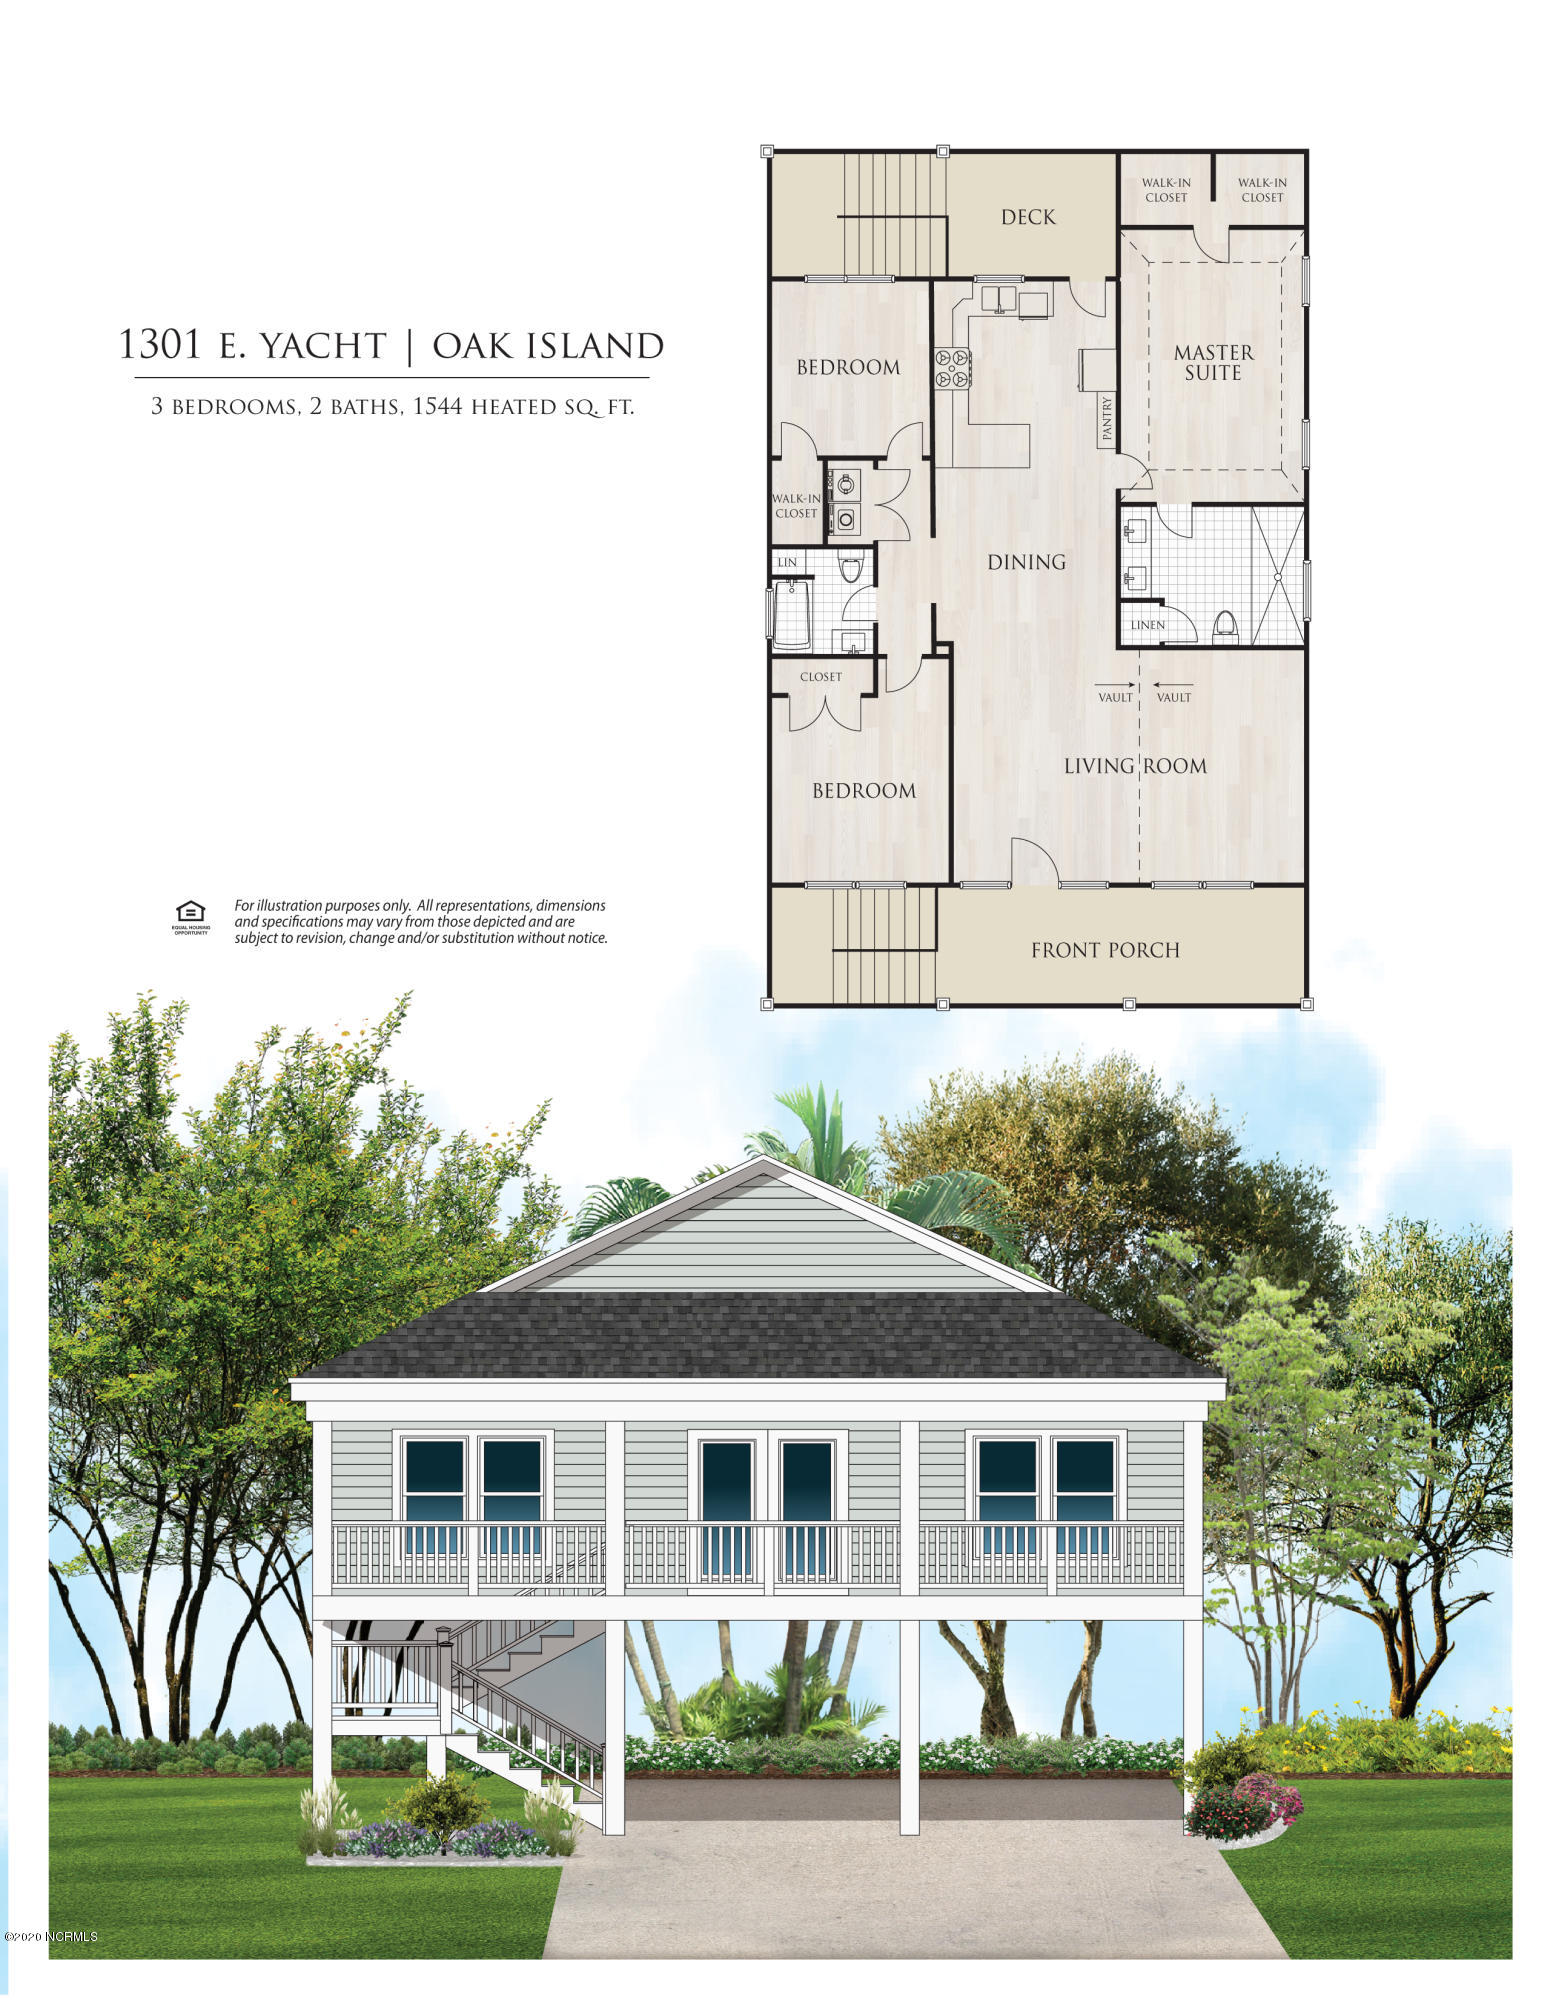 1301 E Yacht Drive Oak Island, NC 28465
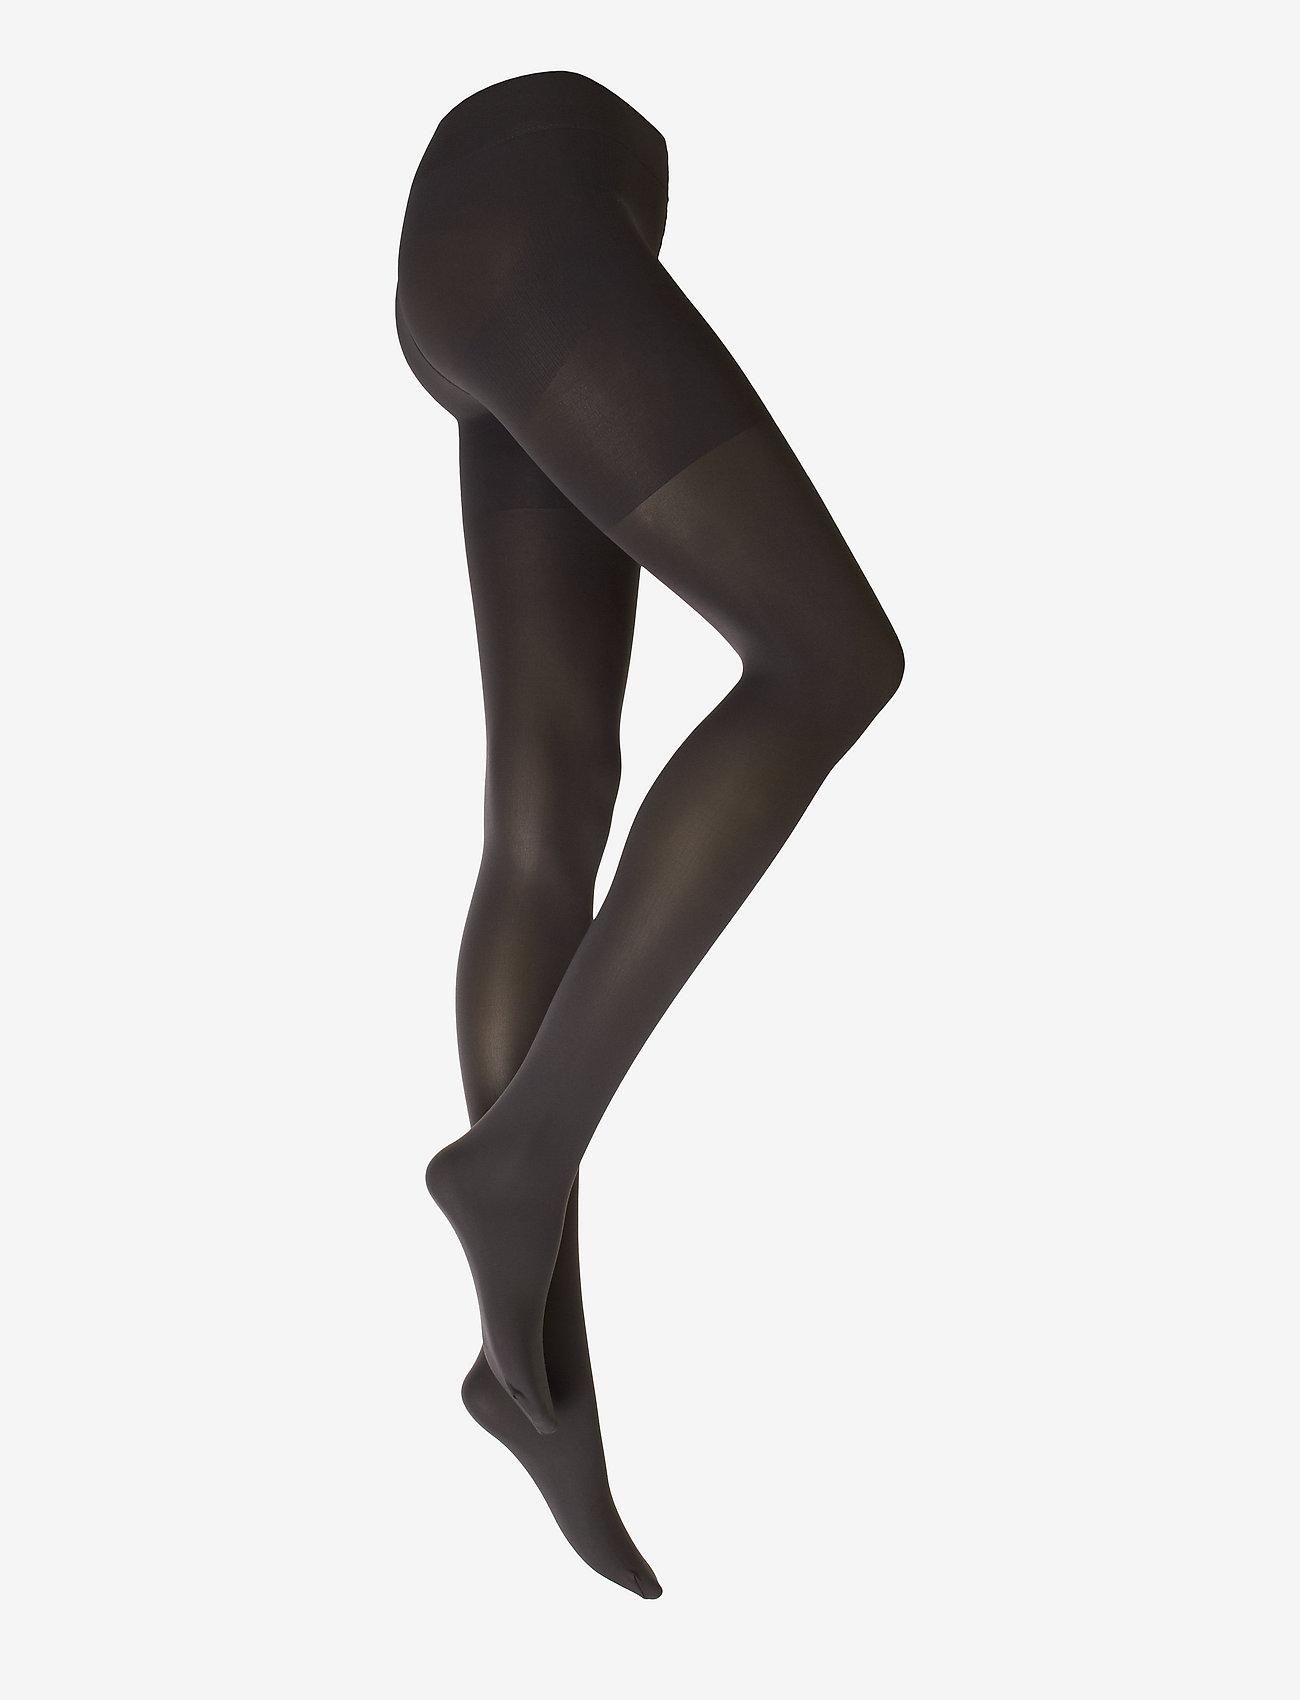 Esprit Socks - Shaping 80 TI - collants - stone grey - 0
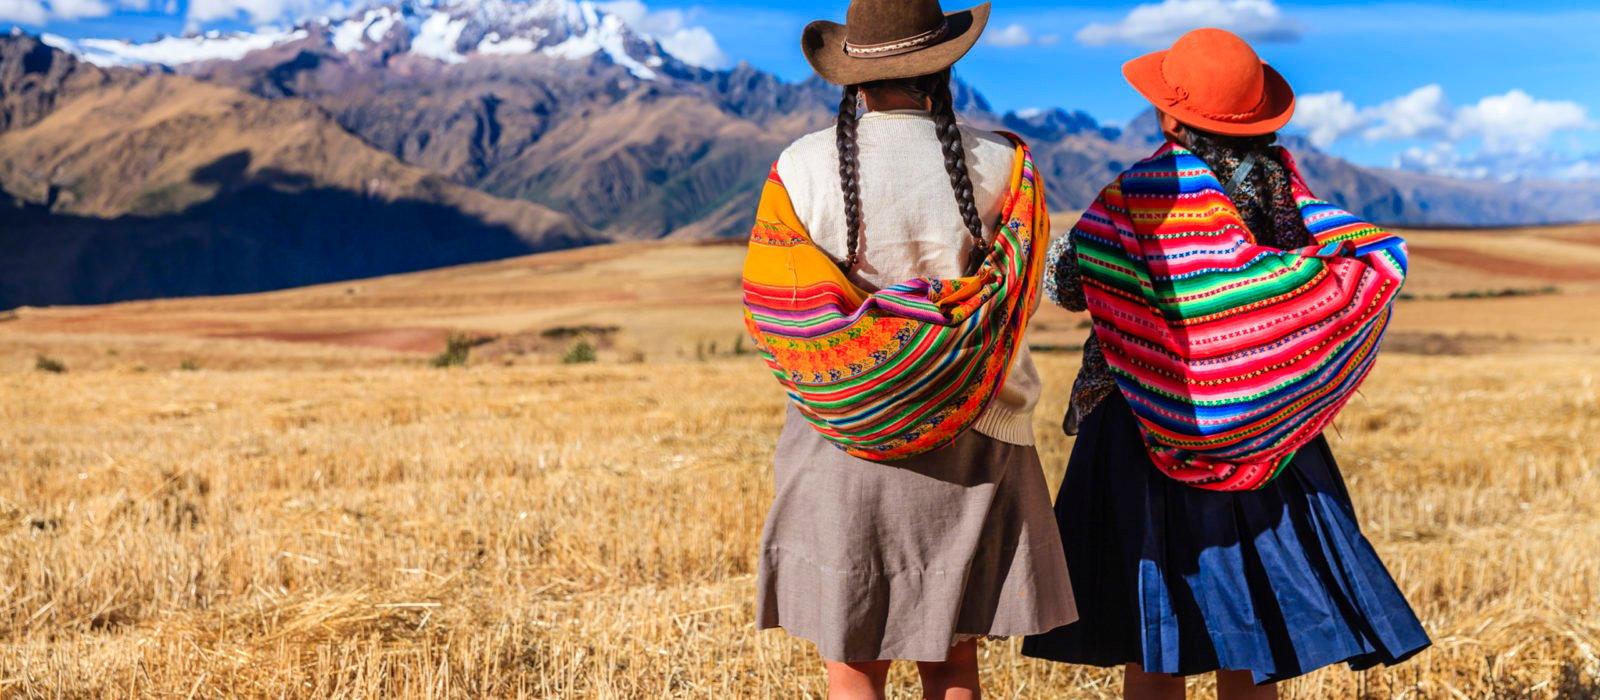 peruvian-women-national-dress-sacred-valley

> **WHAT YOU HAVE TO DO**
With pictures omitted, copy exactly the lines from the one containing "Esprit Socks - Shaping" through the final line of the listing, both included.

> **EXERCISE OUTPUT**
 Esprit Socks - Shaping 80 TI - collants - stone grey - 0
 peruvian-women-national-dress-sacred-valley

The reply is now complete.